Response to student question(s): “What are neurons? Like, what does this mean in terms of matrices?”

This will serve as a review of the Part 1 lesson. Using the above notation, the operations from the input to the hidden layer look like this in matrix form:

…where the lines in dark red and cyan are simply to indicate sample calculations which are part of the matrix multiplication.

Figuring out dimensions of the weights

When we learned about matrix multipliation, we remarked that most of the time in machine learning, “the trick is to get the inner dimensions to match.”

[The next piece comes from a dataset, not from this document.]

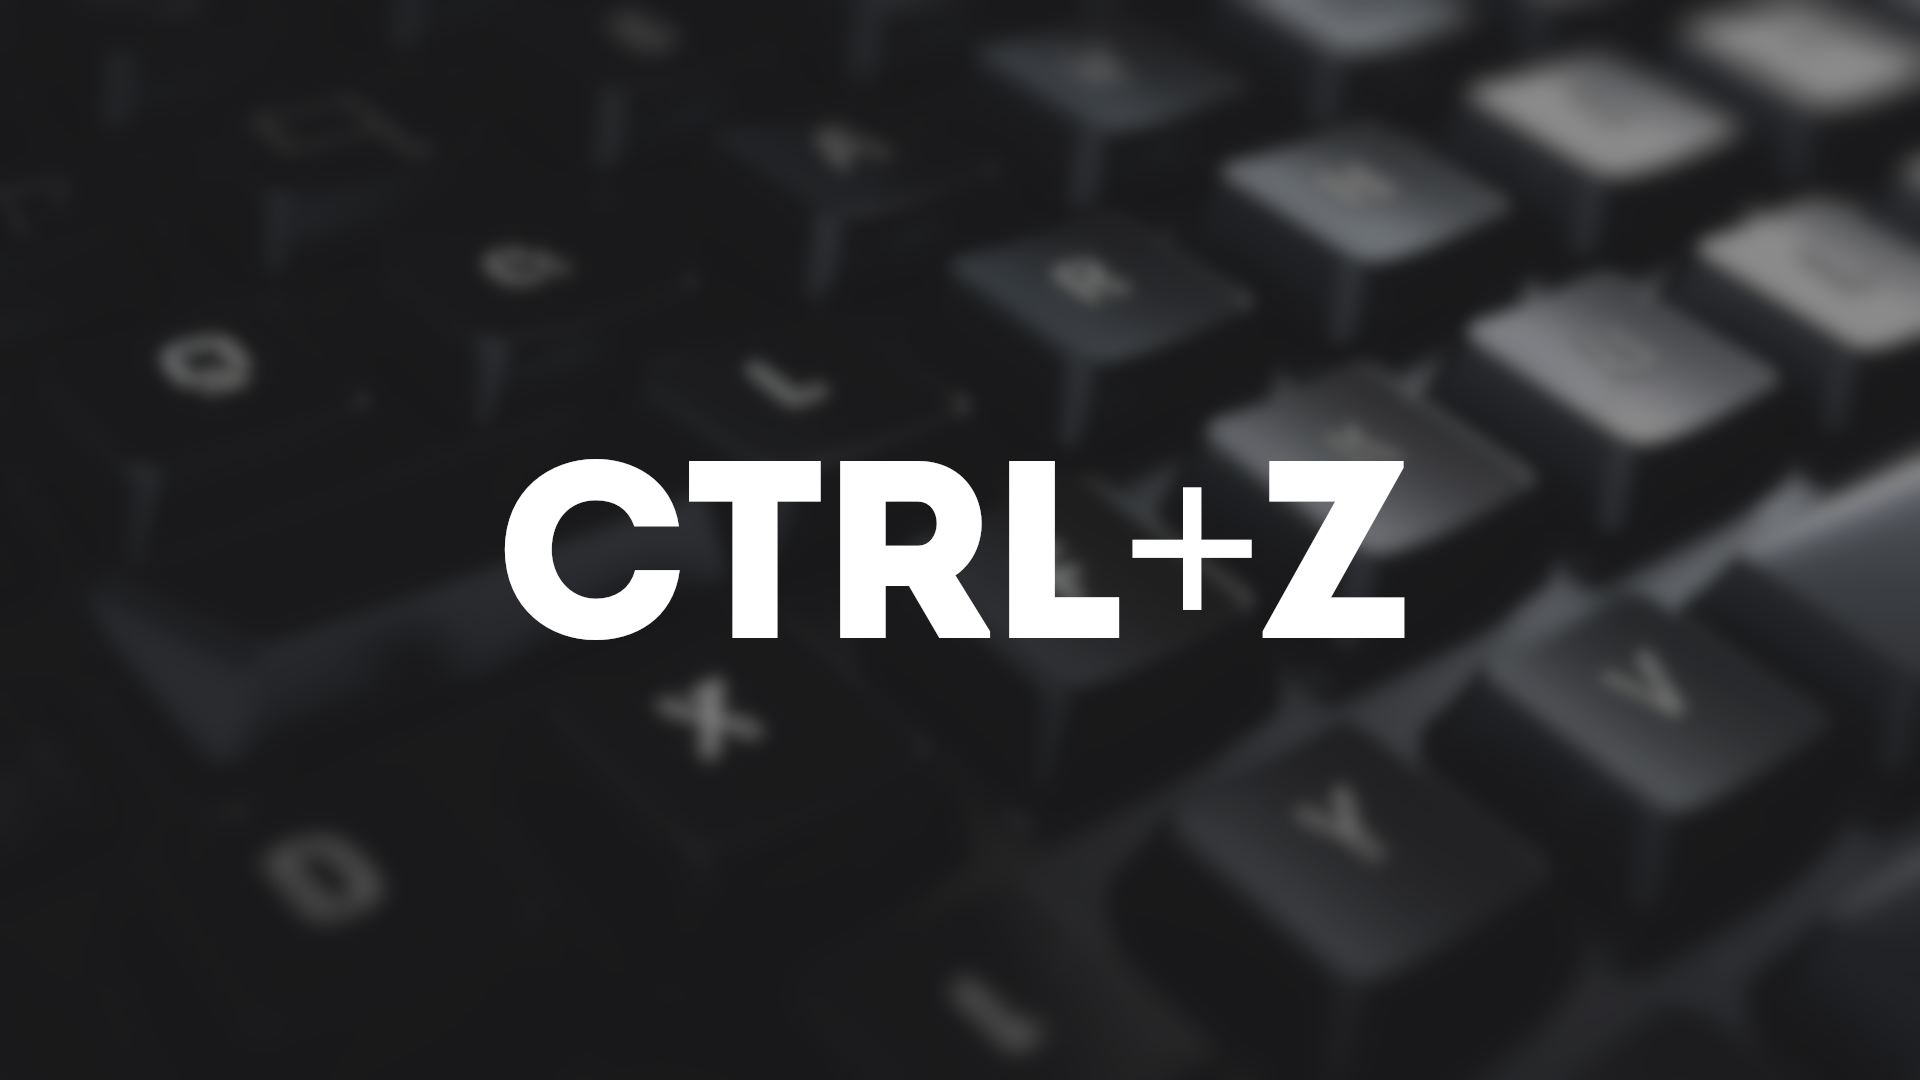 CTRL+Z  Сочетание клавиш на windows 10. Горячие клавиши на компьютере.
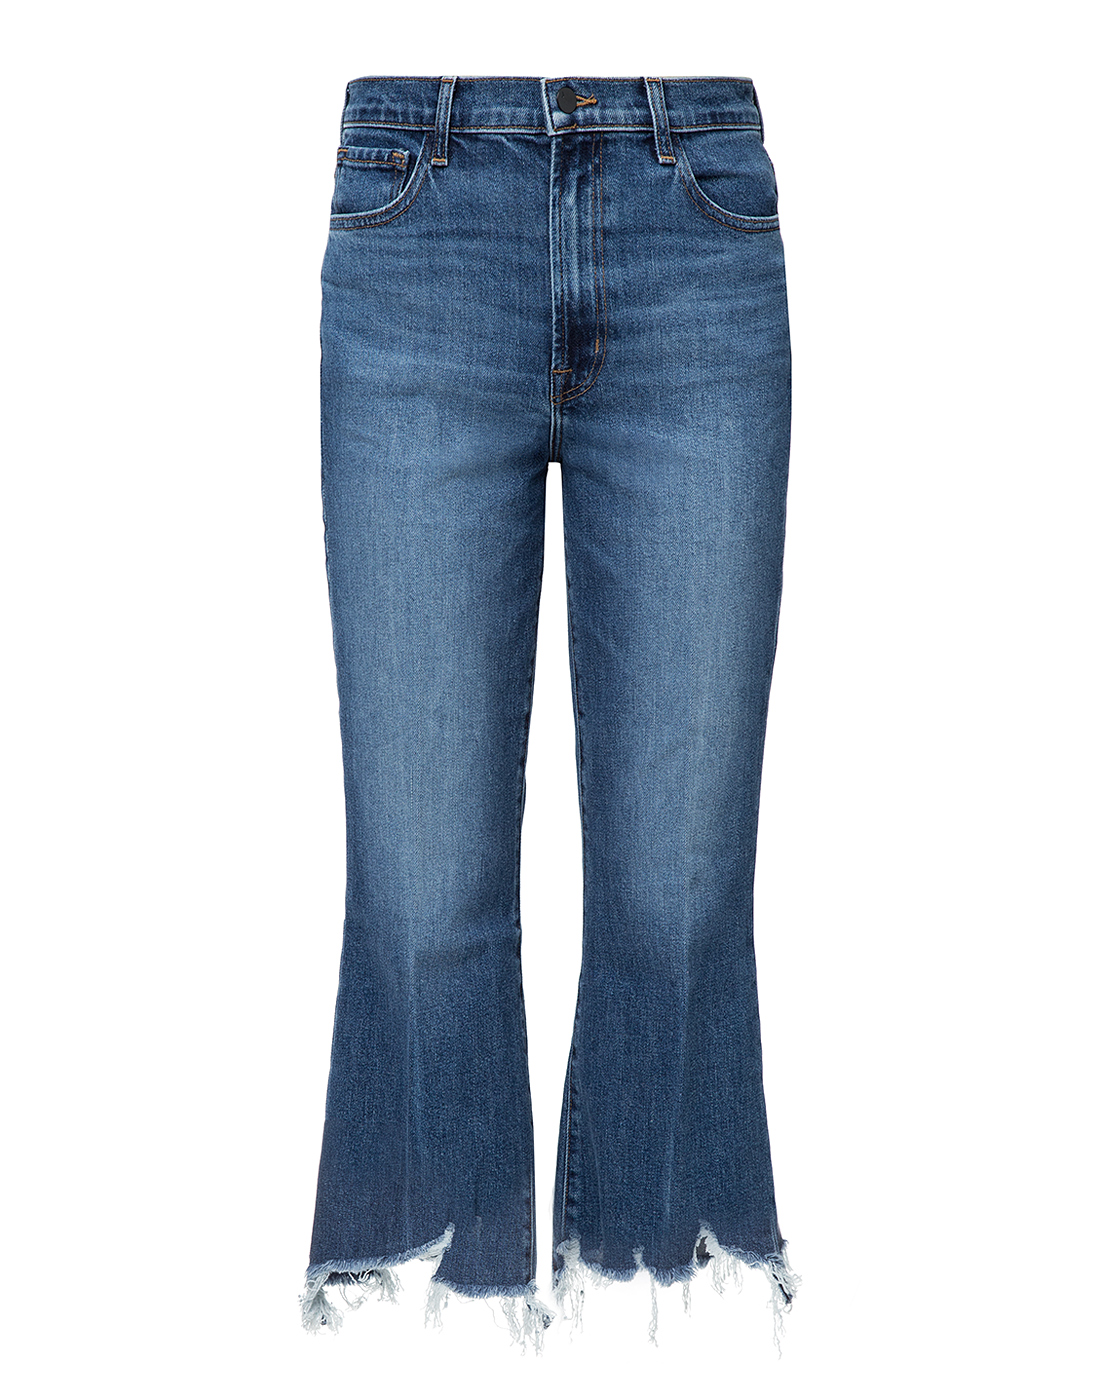 Женские синие джинсы J BRAND SJB002441/A-1

Let’s say there are $N$ different input data “points” consisting of $M$ values each. So the input $X$ is an $N\times M$ matrix. And let the output $\tilde{Y}$ be a $NxP$ matrix (in our example, $P=1$). If we were just connecting $X$ and $\tilde{Y}$ with no hidden layer, the single weights matrix would be a $M\times P$ matrix:

\[ (\color{blue}N\times \color{red}M)\cdot(\color{red}M\times \color{green}P) = (\color{blue}N\times \color{green}P) \] (The nonlinear activation doesn’t change the dimensions of the matrices.)

Adding a hidden layer with $Q$ number of neurons means we will still have $N$ different activations for each neuron (i.e. for each datapoint), so that $H$ is a $N\times Q$ matrix. Thus the dimensions of $w^0$ must “match” between these two matrices, and so $w^0$ must be a $M\times Q$ matrix:

\[ (\color{blue}N\times \color{red}M)\cdot(\color{red}M\times \color{purple}Q) = (\color{blue}N\times \color{purple}Q) \] Similarly $w^1$ must be a $Q\times P$ matrix, and the full operation in terms of matrix dimensions is

\[ (\color{blue}N\times \color{red}M)\cdot(\color{red}M\times \color{purple}Q)\cdot(\color{purple}Q\times \color{green}P) = (\color{blue}N\times \color{green}P). \] Compare this to the diagram above for $P=1$, $Q=4$.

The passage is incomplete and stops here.